Monday, April 27, 2015

More False Departures / Encore les Faux Departs

The project continues, and I am getting to know this grandfather who wrote so lovingly of his family, and especially his wife – and in that matter I trust his judgment because she would later become my own beloved Bonne Maman.

Since you last heard, Bon Papa was en route to the Caltex headquarters in NY, planning to go to Cairo. He and his colleagues are traveling aboard the “Challenger” of the Union Pacific RR. He writes in loving detail of the towns and landscapes they pass through, especially the western vistas he so extravagantly admires: “Several ranches as described by Zane Grey”. Or: “Evanston, Utah = it was here I had my troubles with our Dodge car, 7 months ago, but that turned out well.” Or: “This evening we arrived in Omaha, the capital of Nebraska, the state always “dry”, which did not allow us, all evening, to enjoy our whiskeys. Frigid wind and we didn’t leave the station during our half hour stop.” Or: “From Albany, the capital of NY, we passed the Hudson River, whose banks are covered with ice. It is a beautiful spectacle – seen from our well-heated Pullman. The large factories on the riverbanks that I know: Phelps Dodge, Anaconda Copper Co, Fisher Body, De Lavat Steam engines…and many more. We arrived at the formidable Grand Central Station at 9 am.” (I translated formidable, the French, as formidable, the English. I know that is not properly correct, that it means something more on the lines of wonderful. But I like the word.)
While awaiting his Egyptian visa, Bon Papa worked at the office and toured New York, methodically and enthusiastically, and wrote about it for his wife.
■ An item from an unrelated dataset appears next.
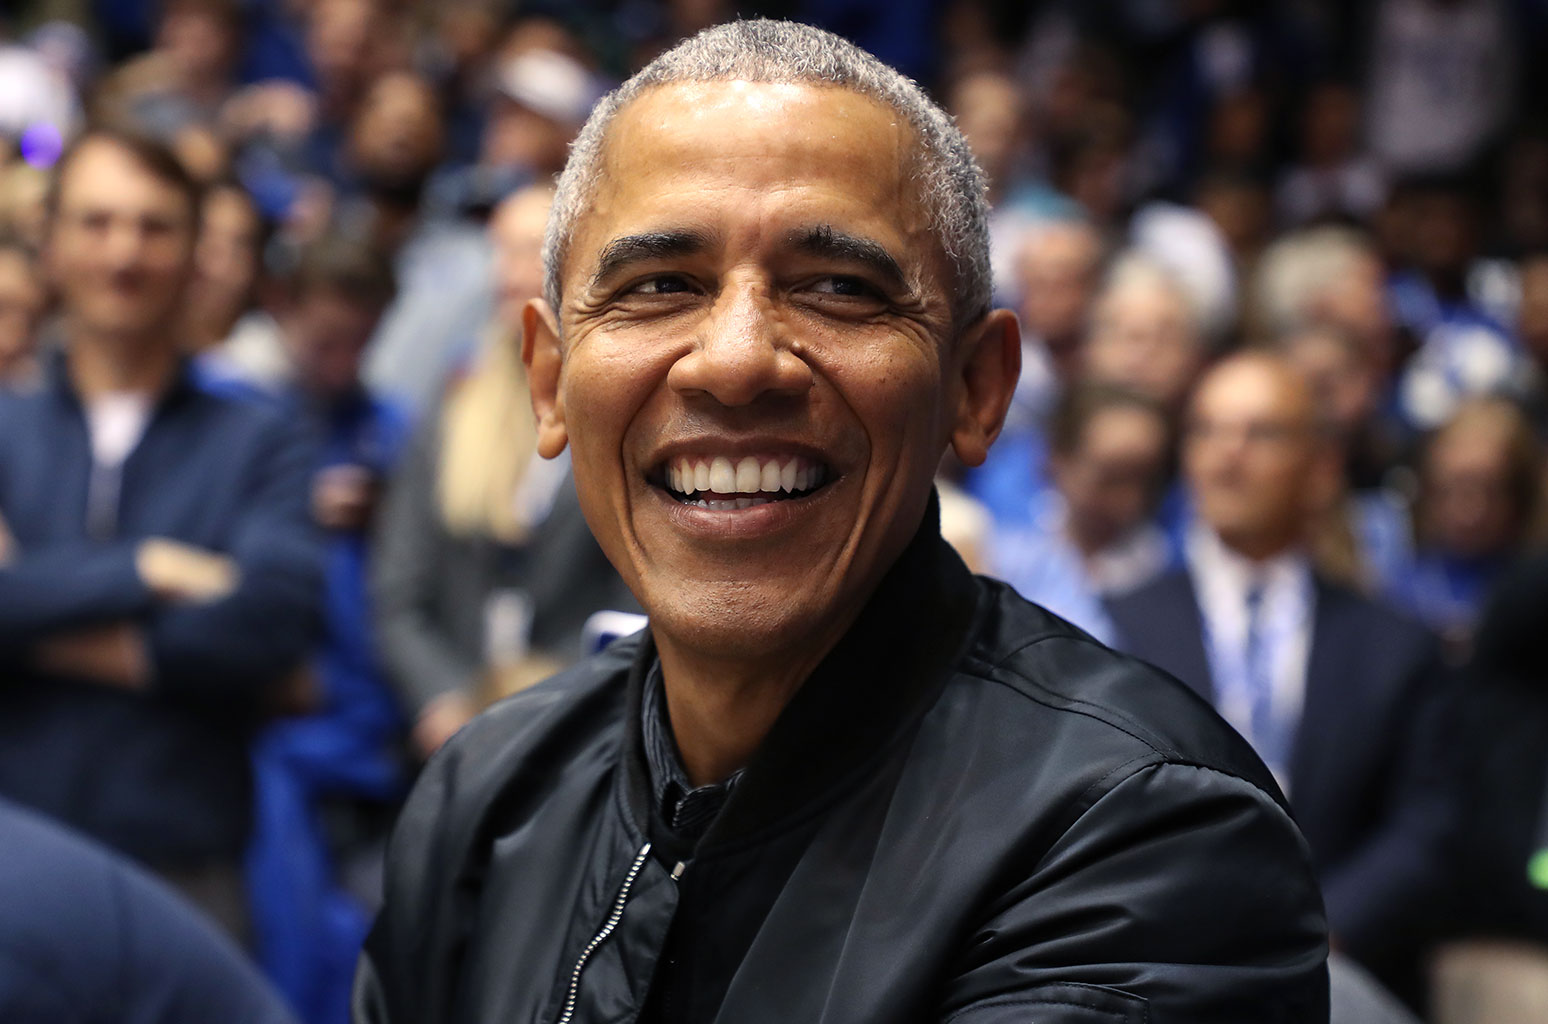 Barack Obama Unveils His Favorite Songs of 2019, From Beyonce to DaBaby - www.billboard.com
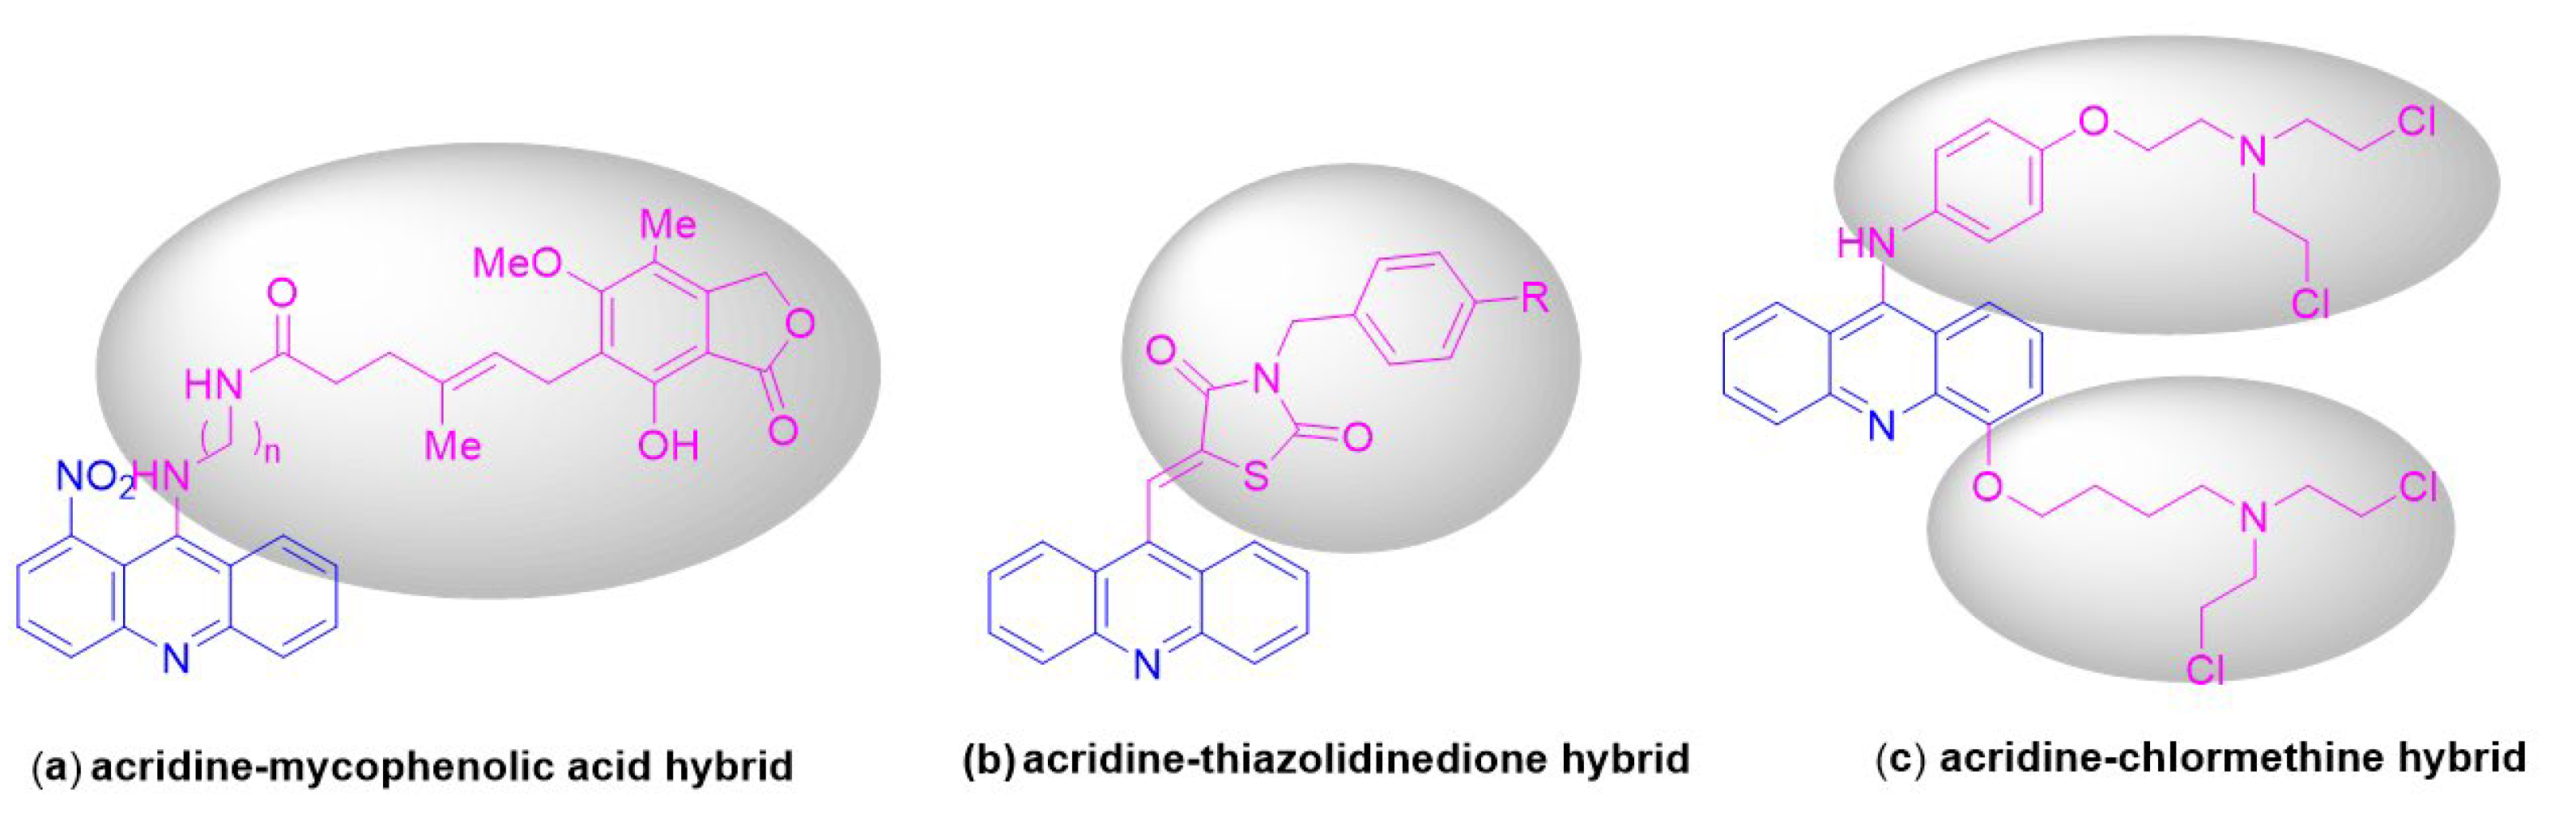 IJMS | Free Full-Text | Design and of Acridine-Triazole and Acridine-Thiadiazole Derivatives and Their Inhibitory against Cancer Cells

On the 6th of February he learned that the Egyptian authorities had refused to grant him an entry visa. This news shocked my grandfather and shocked his boss at Caltex and even shocked the Egyptian consul. He had lived happily in Alexandria from 1931 to 1939, and had many friends and contacts in Egypt, friends who awaited his return.
That same afternoon, the General Manager asked Bon Papa if he spoke Spanish (he did, quite well). The G-M said (This is all written in French; the shabby translations are mine), “You know, perhaps, that the US is investing nearby to Santiago de Cuba about 20 miles from Guantanamo. $18 million for development of nickel and manganese, 2 metals absolutely necessary for war. And we miss a great deal of that. Time is pushing. The development will not be late in starting. This representation (“un chiffre d’affaire”) of the turnover of an oil field from $3 to 4 million per year, and we want it. You need to arrange that we will get this business. …Besides this, you know that the sugar business of Cuba are the largest in the world. Certain mills produce 15,000 tons of sugar cane per day. They are situated in the eastern provinces. Yours. We have to accept we have no clients; it is not acceptable and you need to correct this situation. There is the Cuban RR, but we have never had anything to do with them, and we would like to take our share of the profits. That would be one of your missions.”
About this new posting to Cuba, Bon Papa wrote: Here is the good American method. Precise, quick and broad. This work pleases me at the outset. I saw right away all the possible risks. There is a director and vice- director already in Havana, who would be the obvious ones to fill this spot. But they haven’t succeeded, it seems, and we have more hope in me.
I didn’t wait to study all that can help me in my new functions. I studied for 8 or 9 hours a day to better know the technical side of the exploitation of the mines, of sugar mills and railroads.
Every day I read aloud about 50 pages from a novel, in the Spanish language. I prepare eagerly.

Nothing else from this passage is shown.